_WHAT THE TASK ASKS_. Restate the following entries exactly. Keep the pictures out.

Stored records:
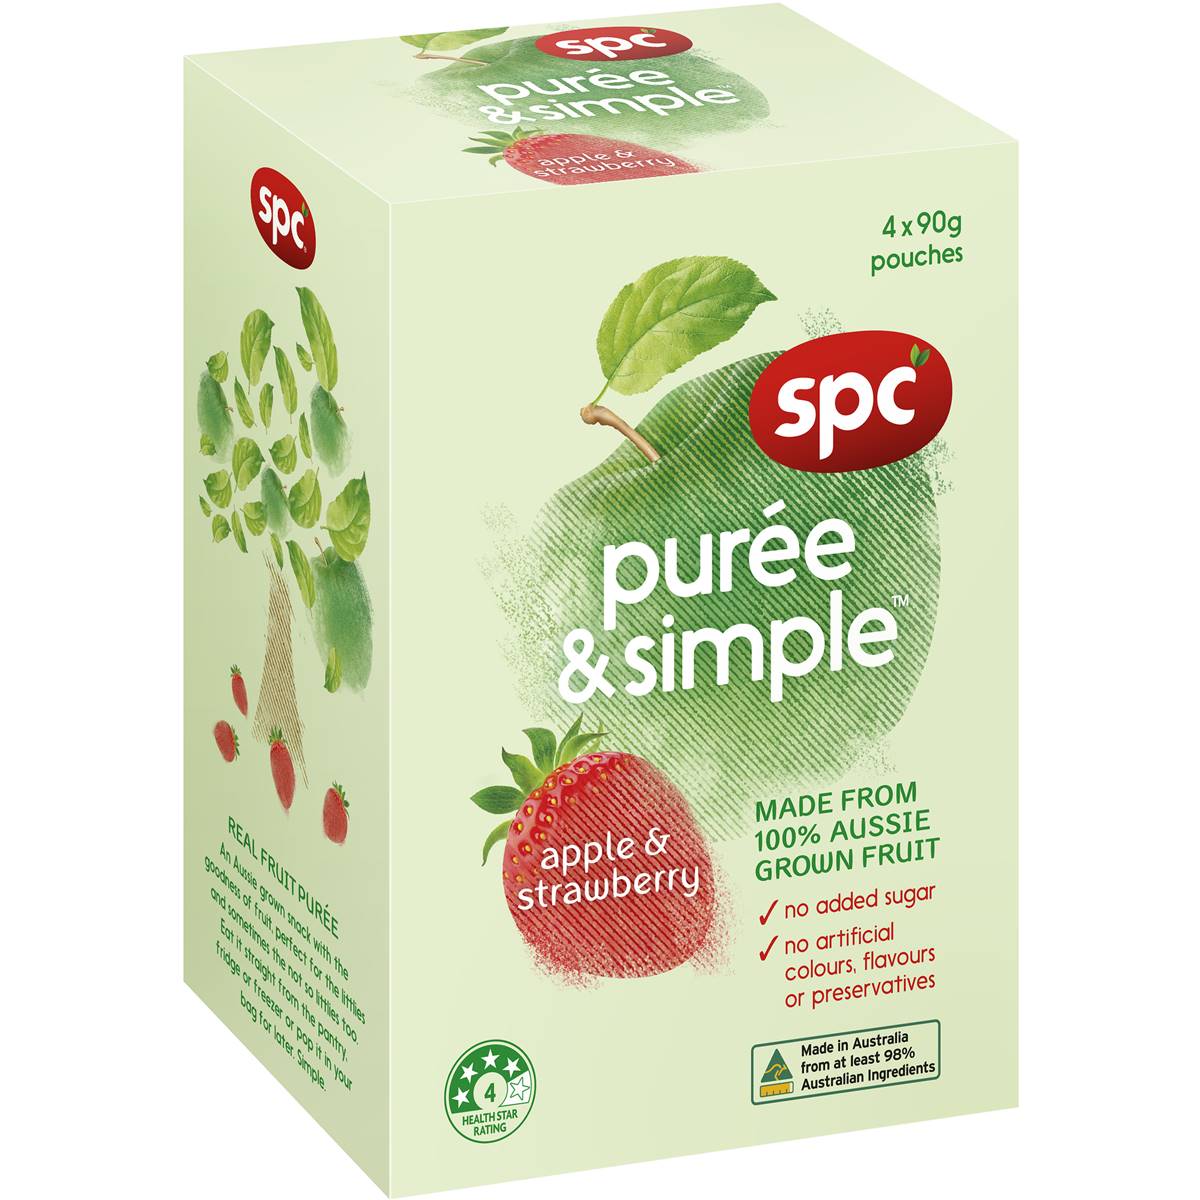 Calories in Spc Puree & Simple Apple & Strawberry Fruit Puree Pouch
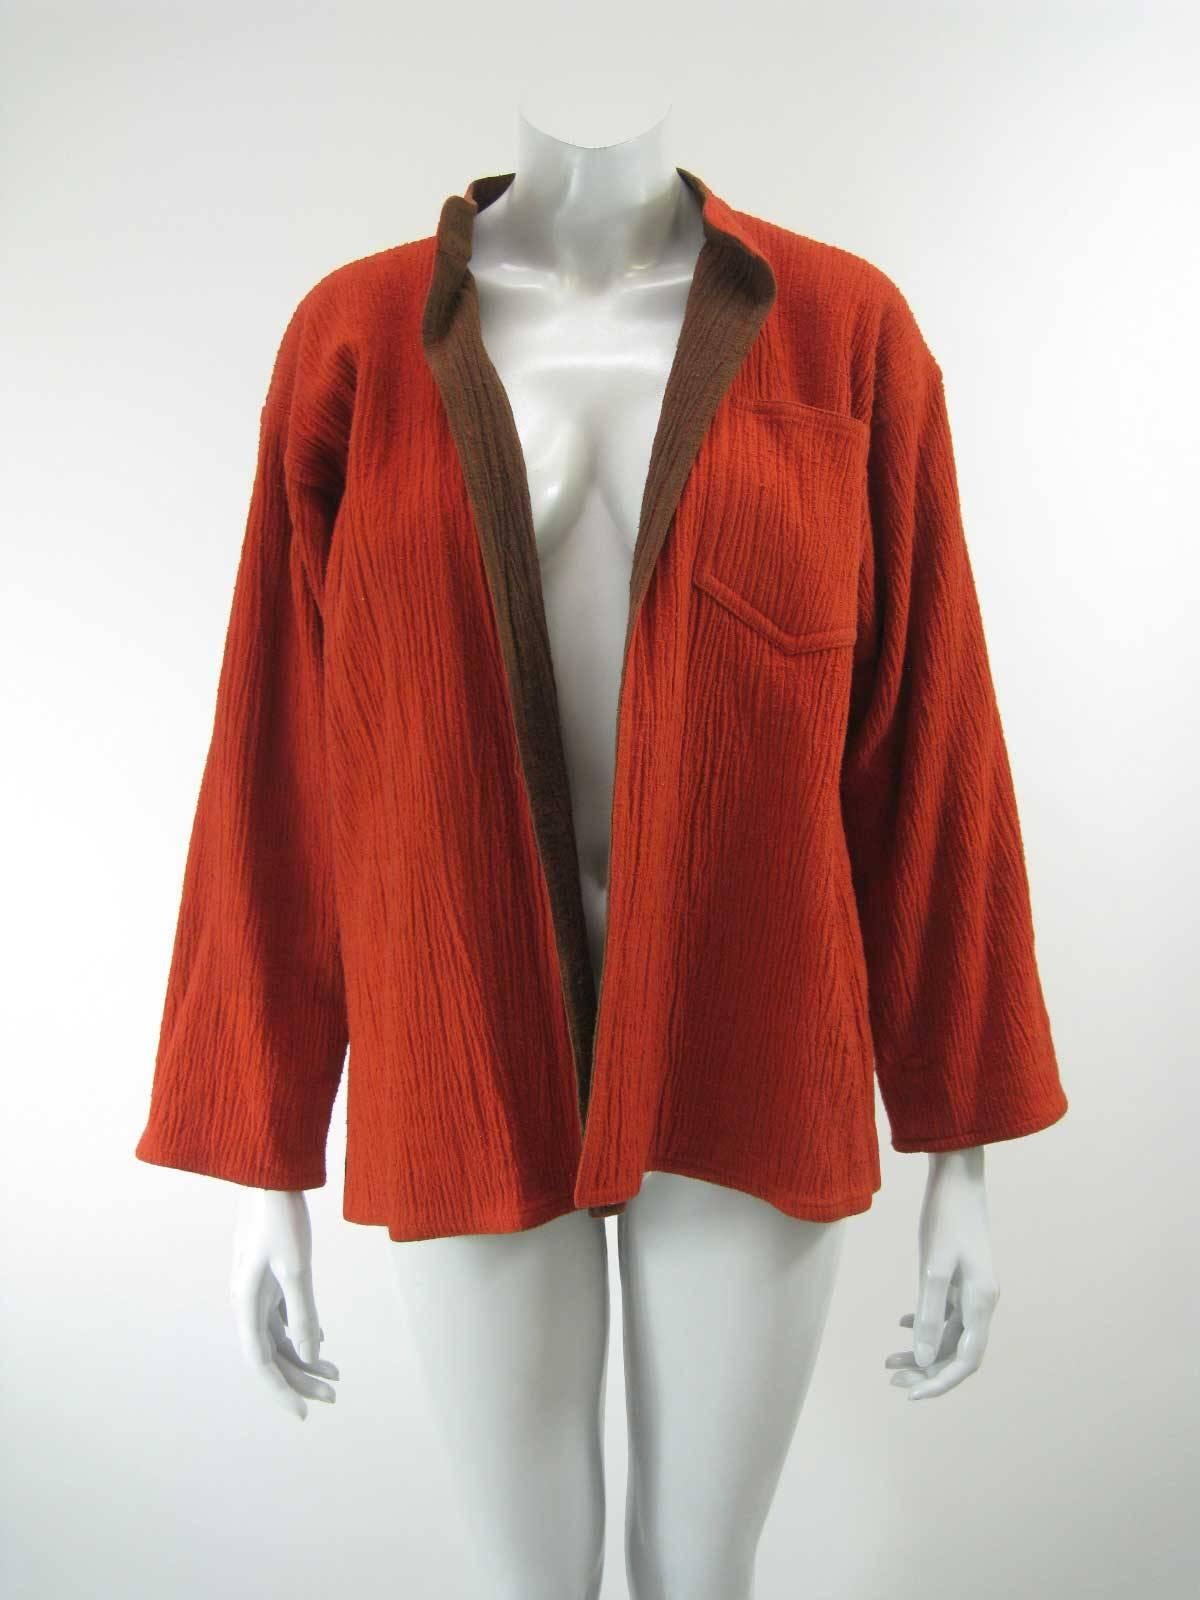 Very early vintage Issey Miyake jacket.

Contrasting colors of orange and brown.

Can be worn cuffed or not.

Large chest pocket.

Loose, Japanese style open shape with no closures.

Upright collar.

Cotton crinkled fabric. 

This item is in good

_EXERCISE ANSWER_.
 Calories in Spc Puree & Simple Apple & Strawberry Fruit Puree Pouch
 Very early vintage Issey Miyake jacket.

Contrasting colors of orange and brown.

Can be worn cuffed or not.

Large chest pocket.

Loose, Japanese style open shape with no closures.

Upright collar.

Cotton crinkled fabric. 

This item is in good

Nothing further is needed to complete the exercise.